### Work request
Your task is to return, word for word, only the lines from the line with "GRACIT Women Navy" through the close of the data. Exclude all pictures.

### Available data
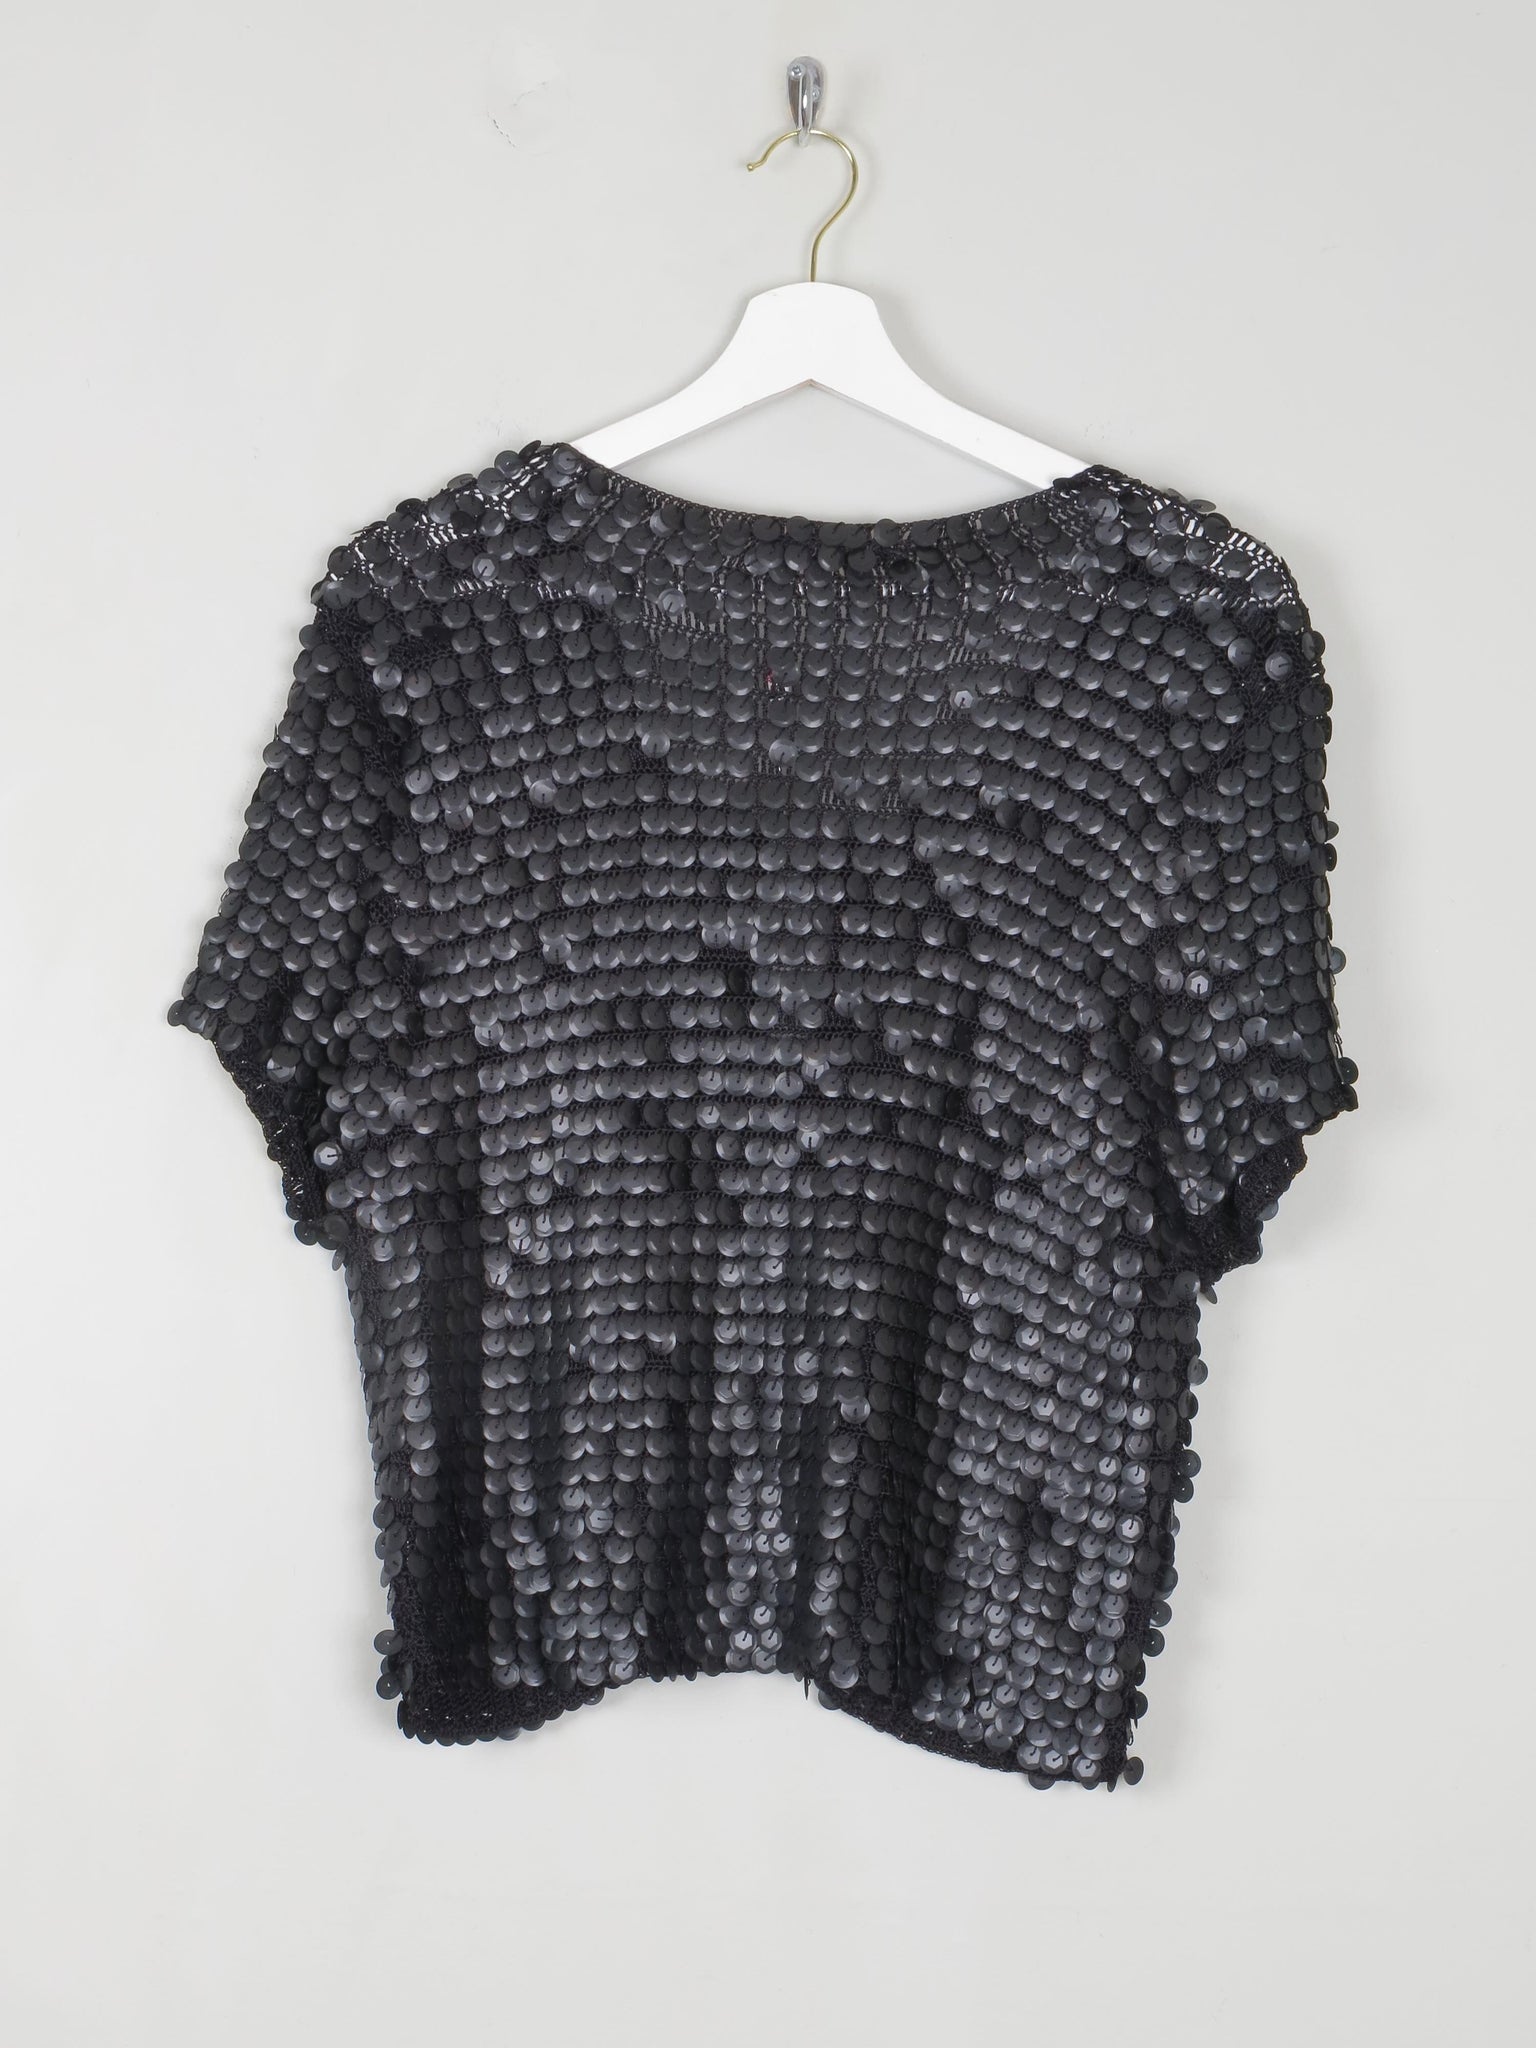 Women's Black Sequin & Crochet Bolero By Rodier Paris S/M Unworn - The Harlequin
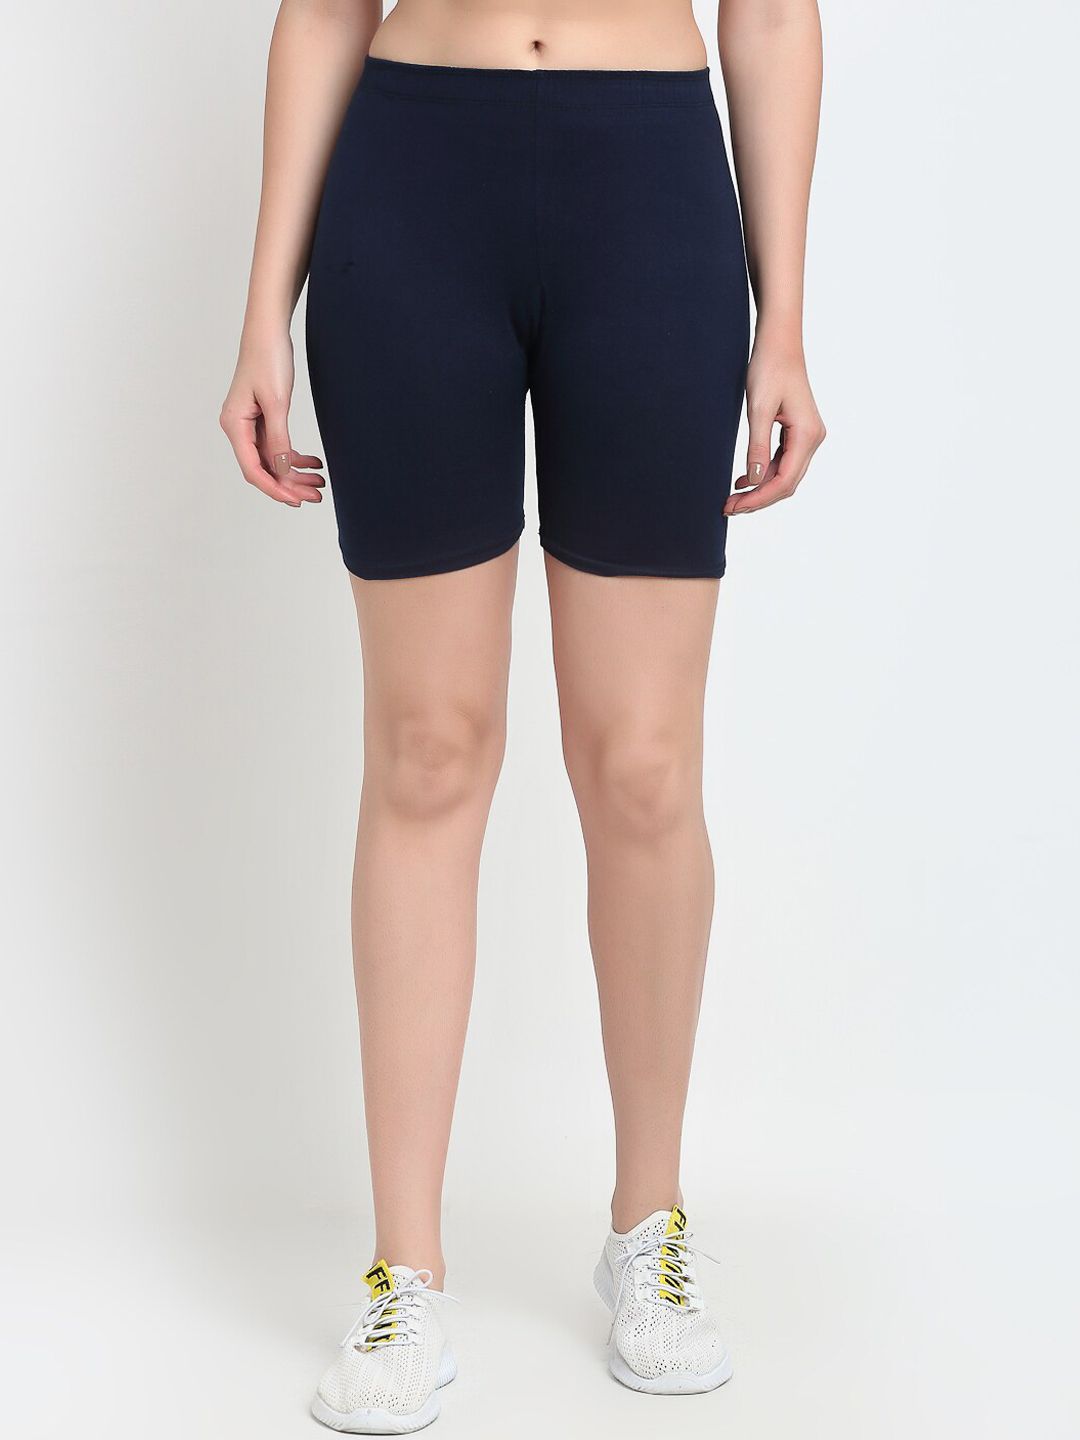 GRACIT Women Navy Blue Biker Shorts Price in India
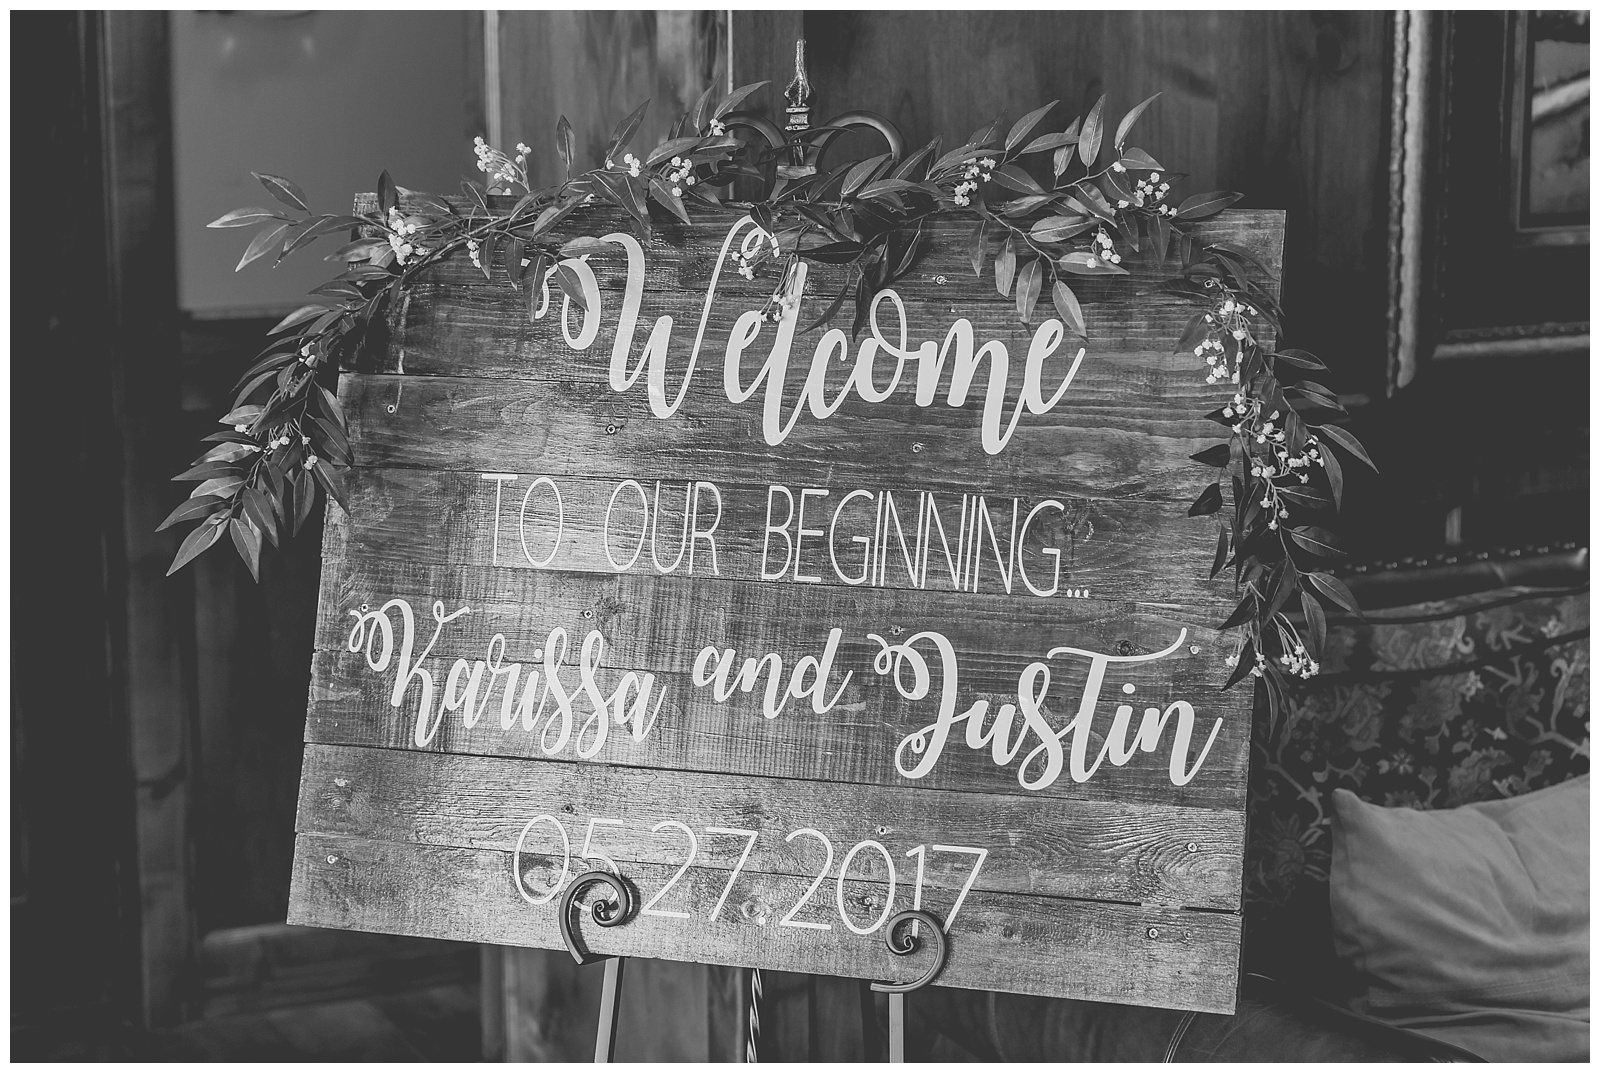 Wedding photography at Staley Farms Golf Club in Kansas City by Wisdom-Watson Weddings.
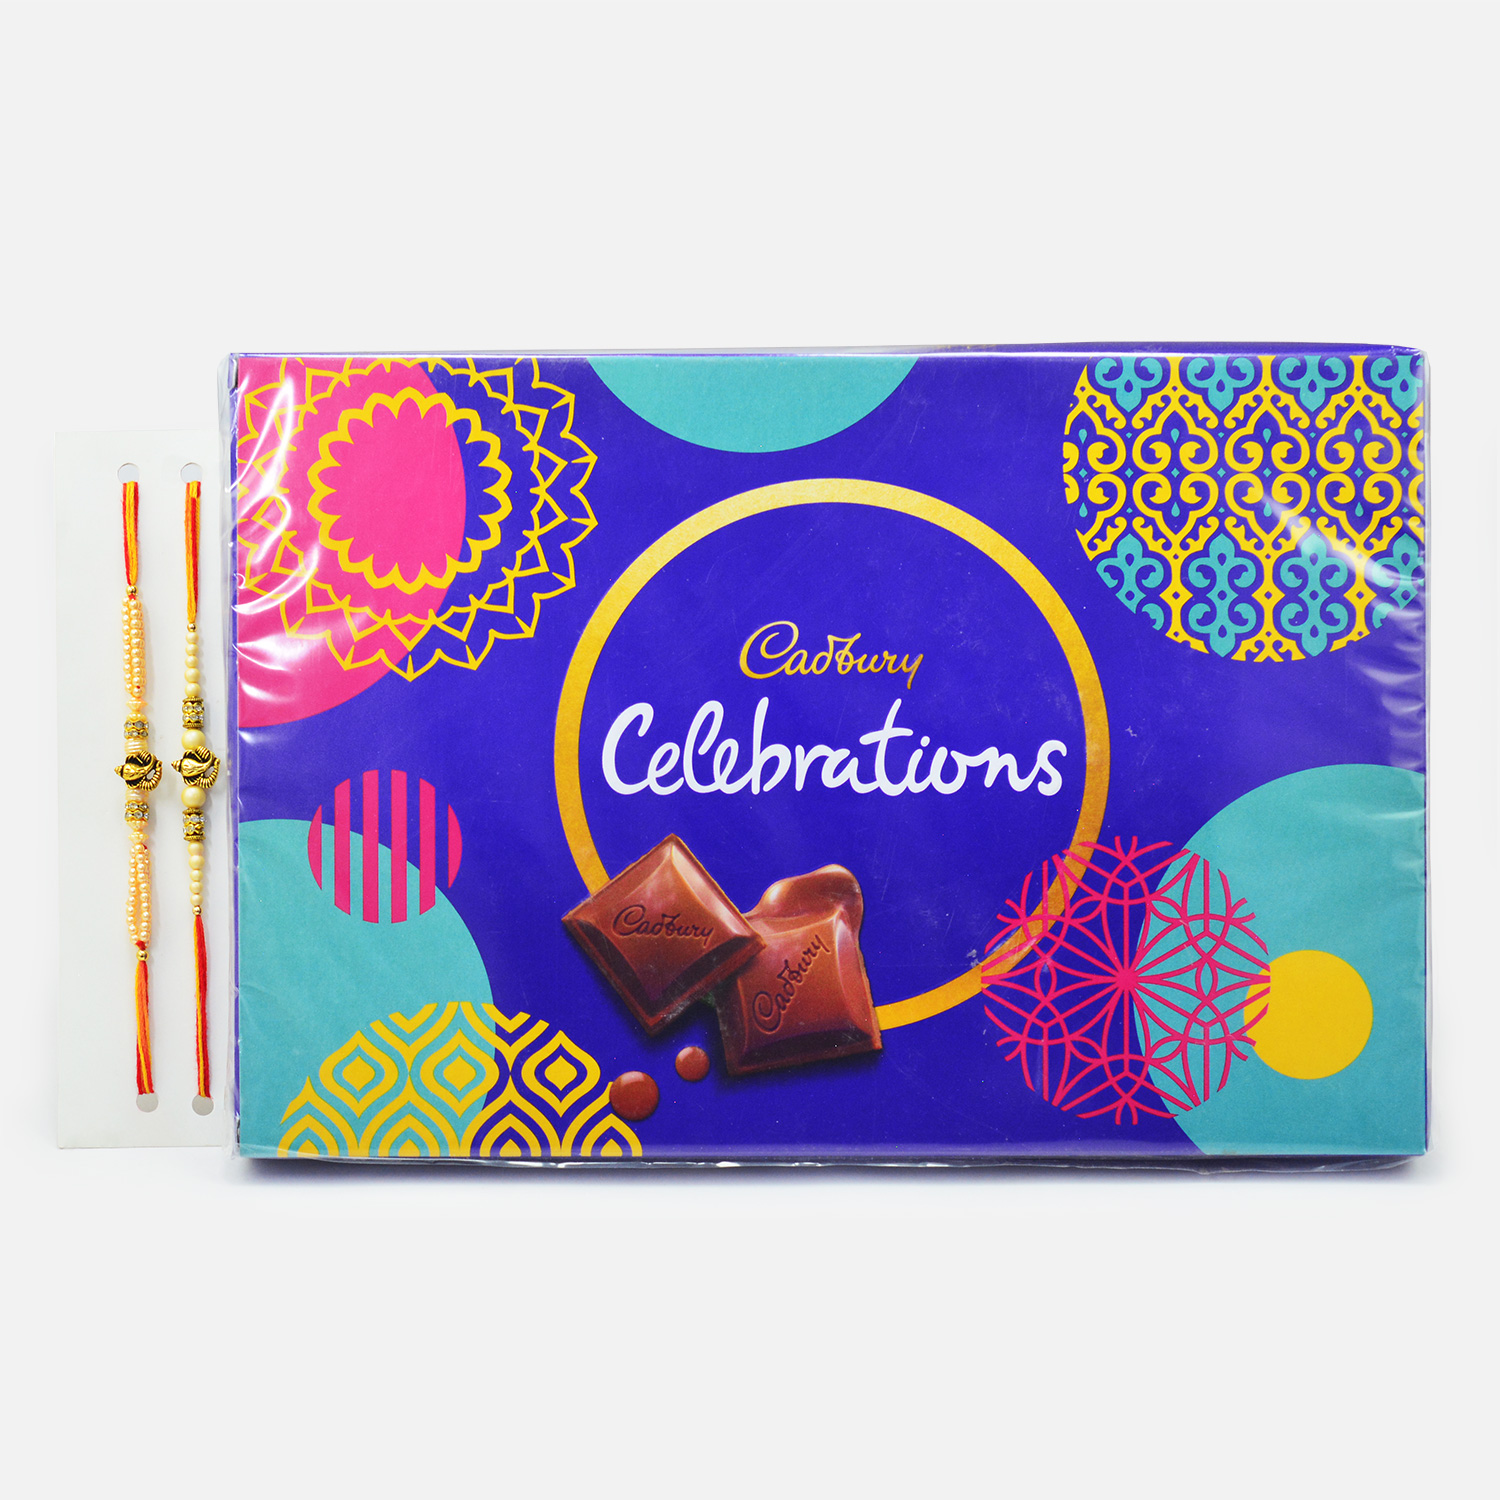 Ganesha Divine Rakhis with Chocolate of Cadbury Small Celebration

### Written answer
 GRACIT Women Navy Blue Biker Shorts Price in India
 Wedding photography at Staley Farms Golf Club in Kansas City by Wisdom-Watson Weddings.
 Ganesha Divine Rakhis with Chocolate of Cadbury Small Celebration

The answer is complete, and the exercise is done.